◆ **Supplied data**
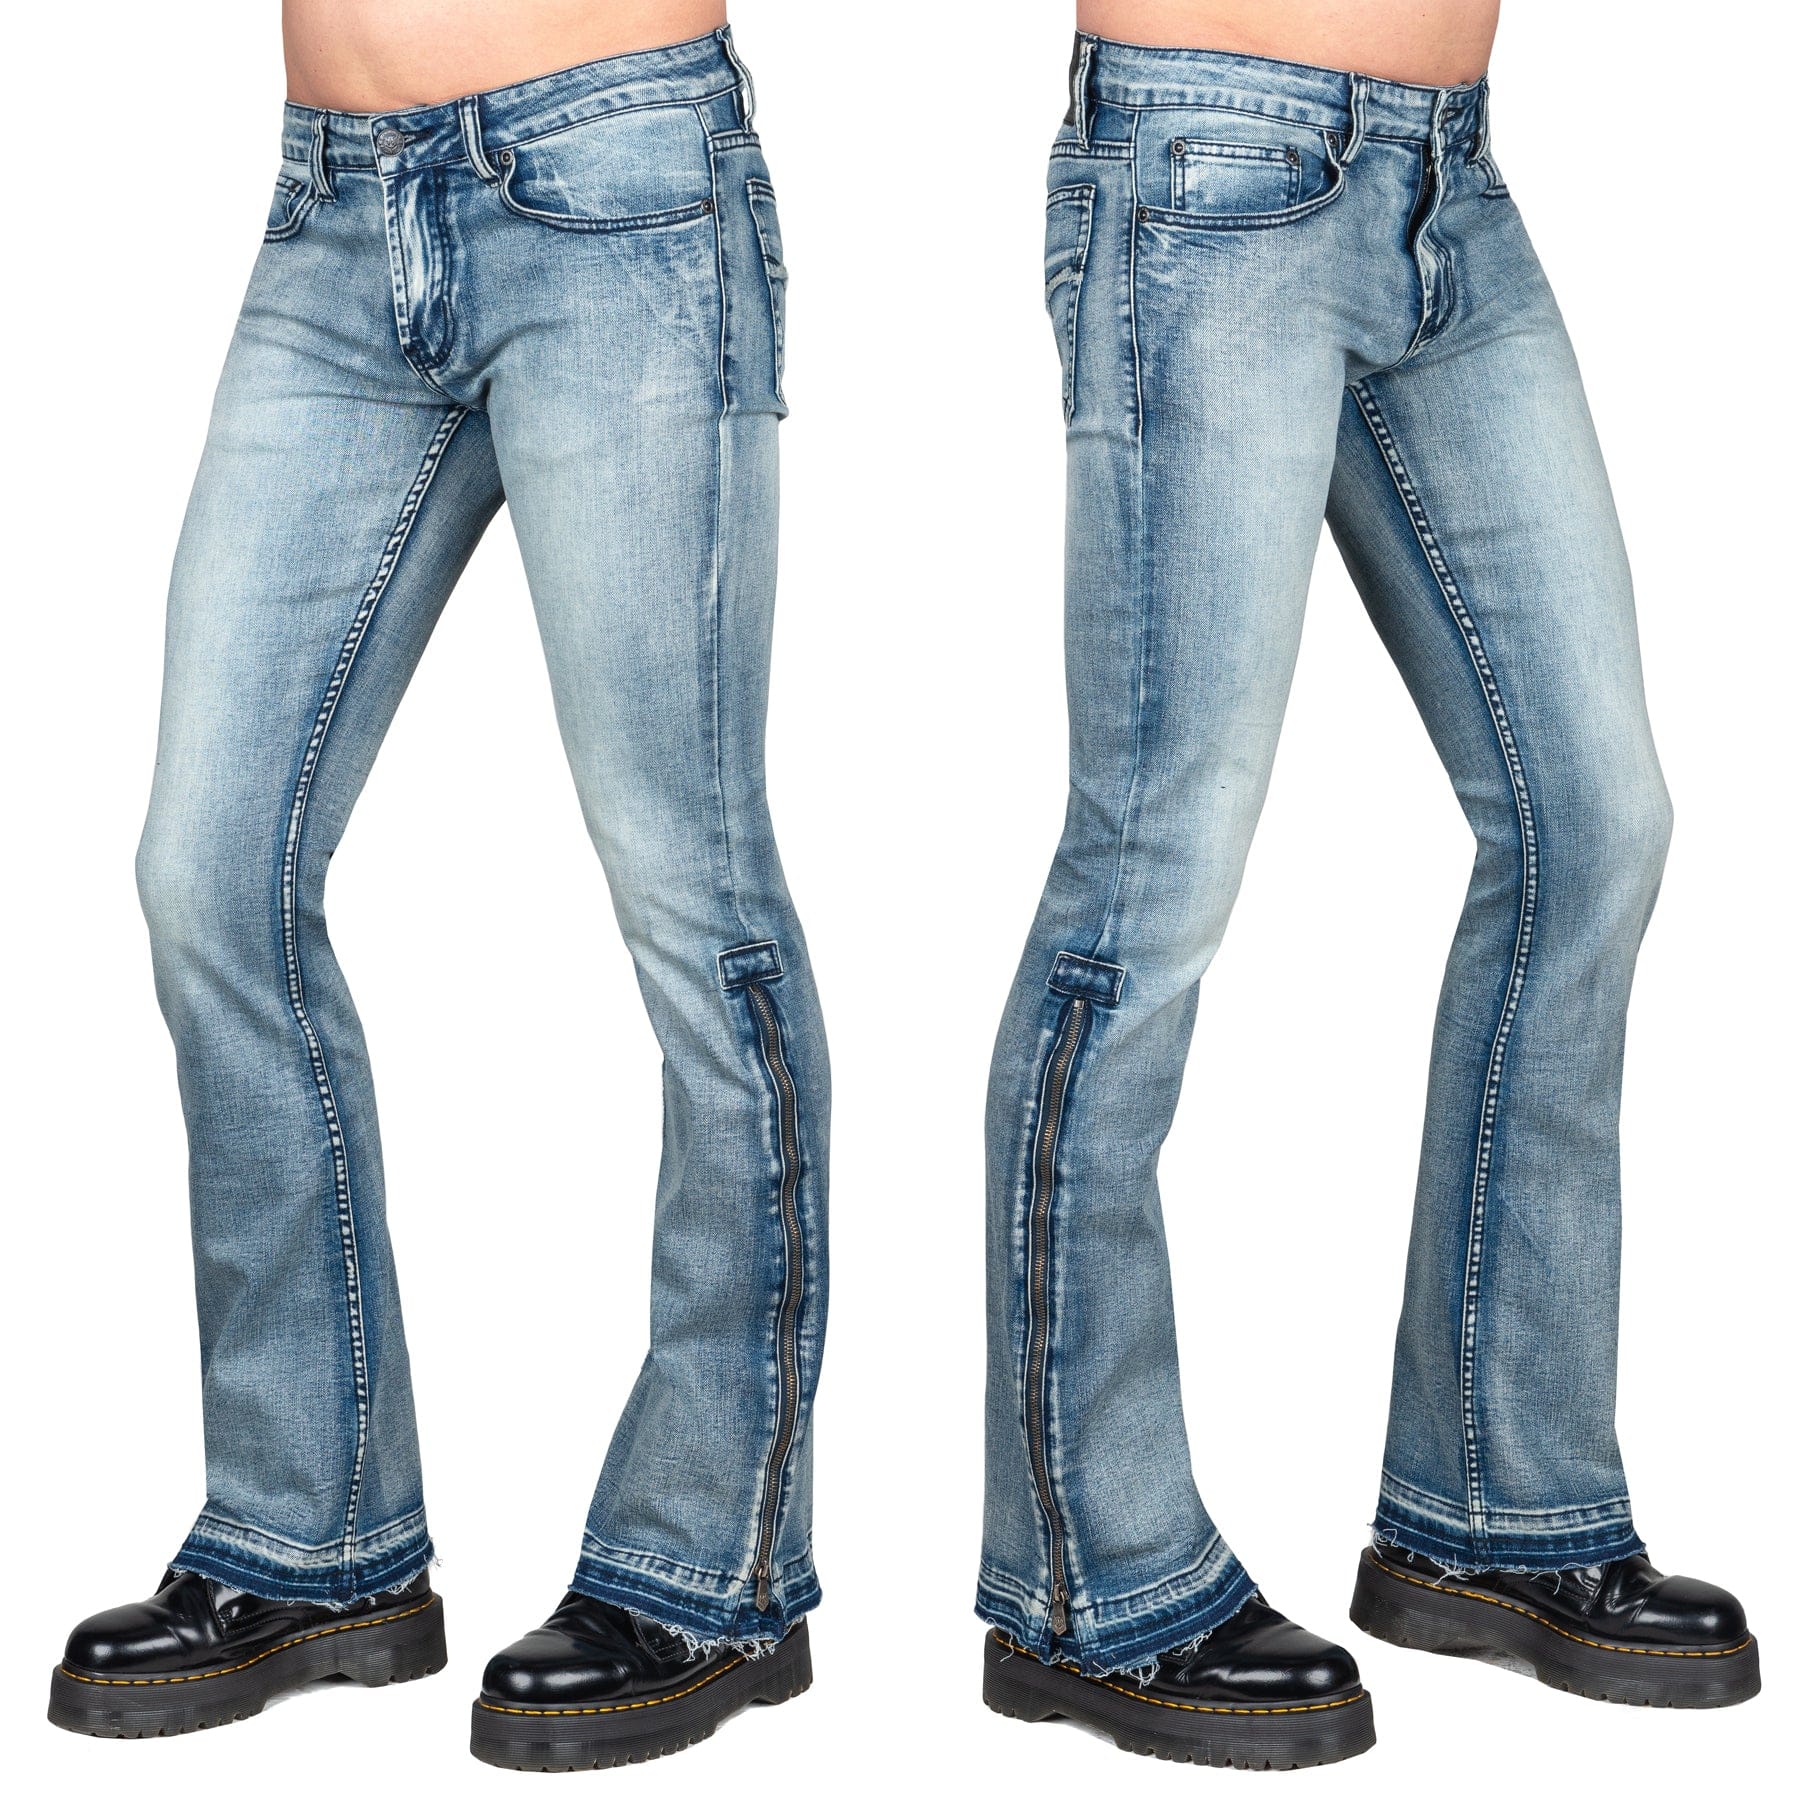 Wornstar Clothing Hellraiser Side Zipper Jeans - Classic Blue
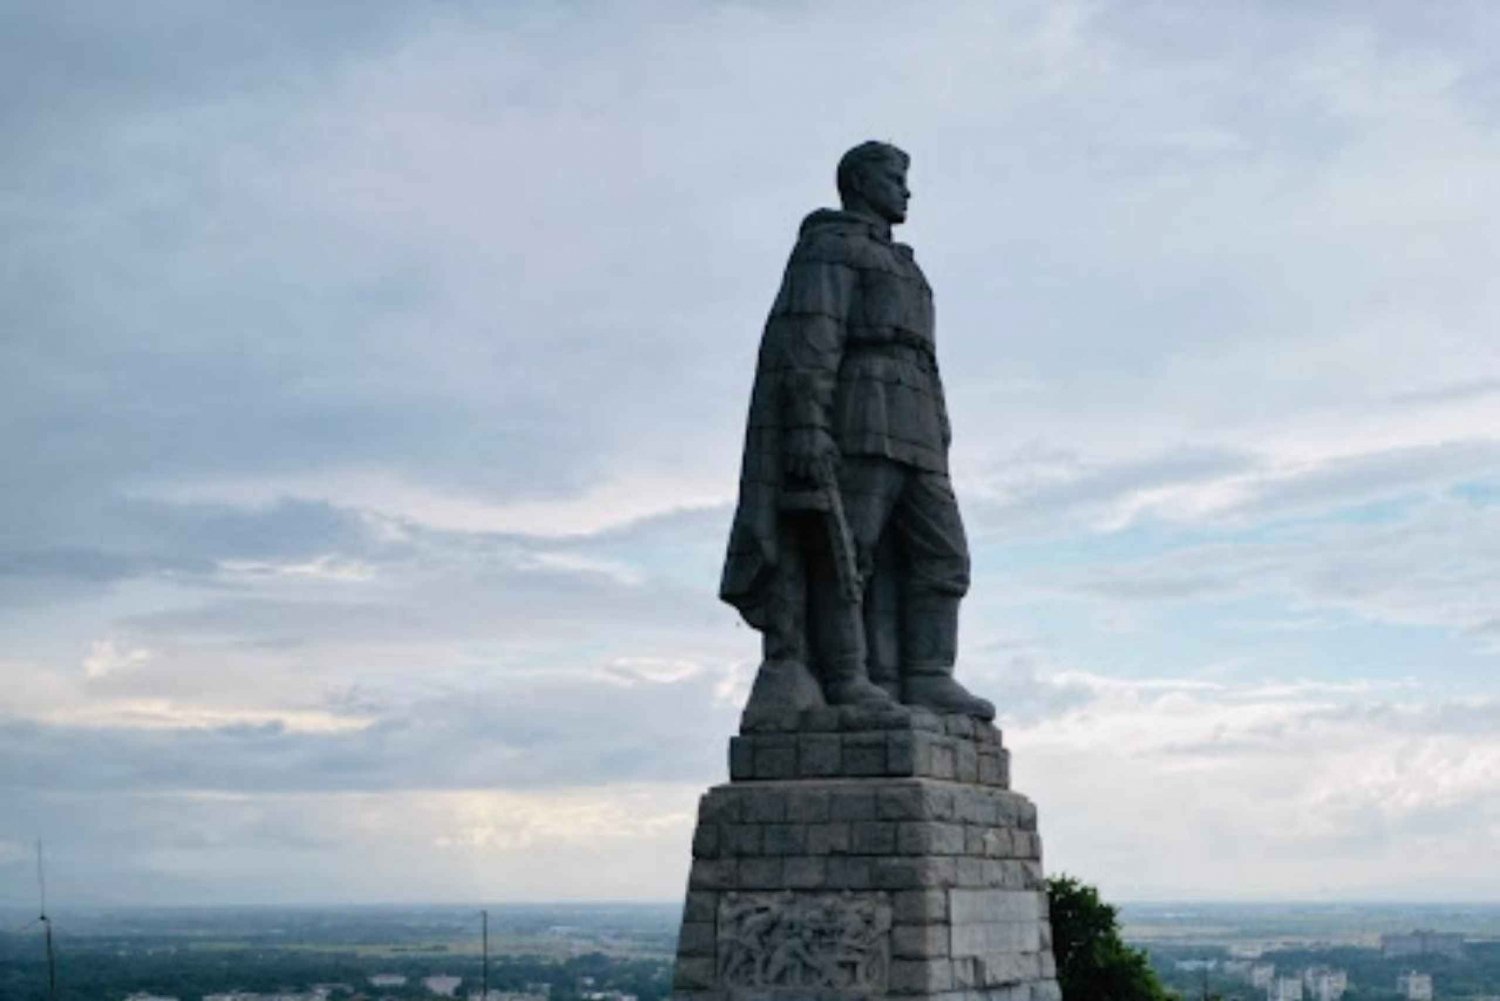 Plovdiv Communist Walking Tour Soviet Landmarks
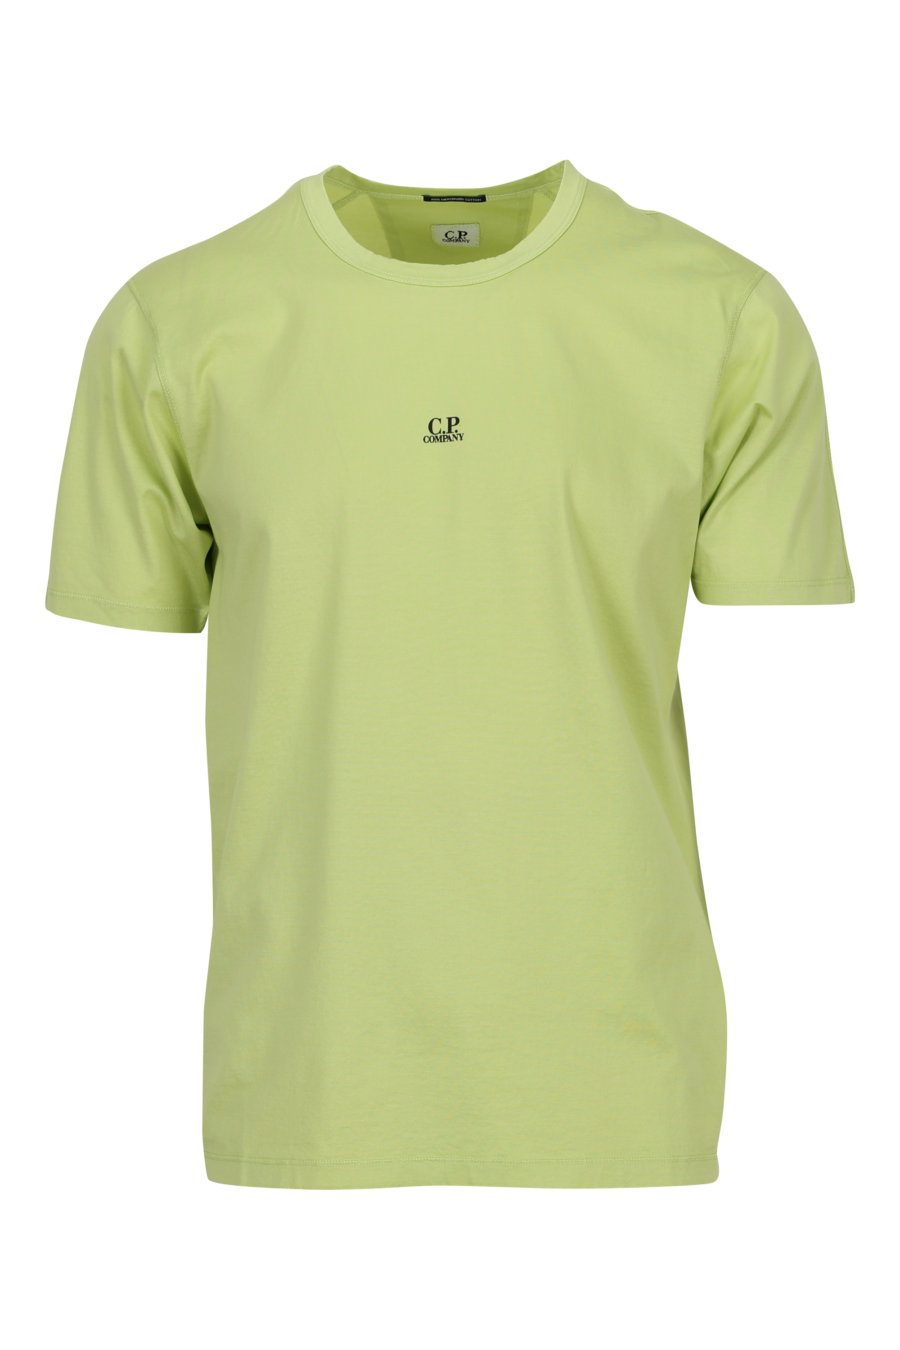 Camiseta verde claro con minilogo "cp" centrado - 7620943760507

◆ **Problem to work on**
What's needed is a word-for-word retyping of the listing, minus its pictures.

◆ **Exercise answer**
 Wornstar Clothing Hellraiser Side Zipper Jeans - Classic Blue
 Plovdiv Communist Walking Tour Soviet Landmarks
 Camiseta verde claro con minilogo "cp" centrado - 7620943760507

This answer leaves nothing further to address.